The most compelling feature of this ballet in its various incarnations over the decades has been the depiction of the Firebird: her dance vocabulary, her costume, her pas de deux with the prince.

Weakened by a prosaic costume design – flat-ironed orange wig and a tie-dyed scarf pinned to the back of her unitard – Sarah Van Patten’s Firebird looked like one of the many colorful denizens of San Francisco’s Haight Street, a famous hang-out during the Summer of Love. No plumage on this bird, and yet somehow she produced a magic feather to bestow on the prince. Possokhov’s choreography for her is singularly uninspired – more exotic dancer than exotic creature – and a waste of Van Patten’s considerable skill and artistry.
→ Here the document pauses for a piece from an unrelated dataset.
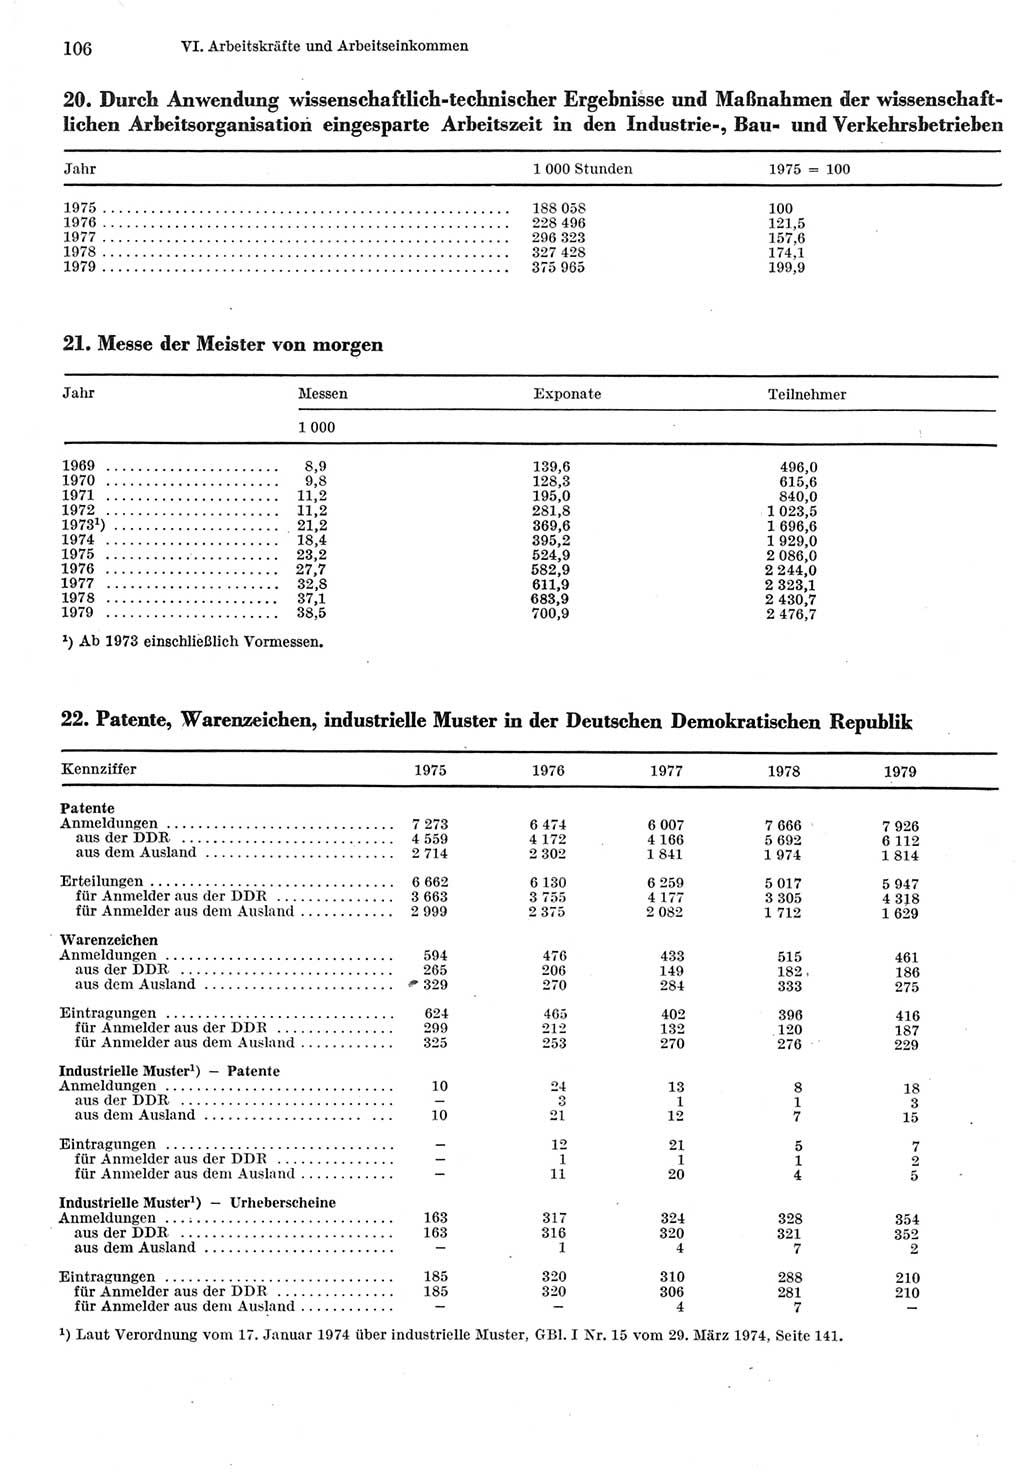 Statistisches Jahrbuch der Deutschen Demokratischen Republik (DDR) 1980, Seite 106 (Stat. Jb. DDR 1980, S. 106)

That Tiit Helimets’ starry-eyed prince would fall for a Gypsy Rose Lee is hardly credible.

One longs for a choreographer to come along and remake Firebird for the 21st century, commenting on Russian incursions into Afghanistan and Chechnya, portraying Kaschei as a modern-day terrorist, and casting Sarah Van Patten as a sexy undercover operative for MI-5 with supernatural powers.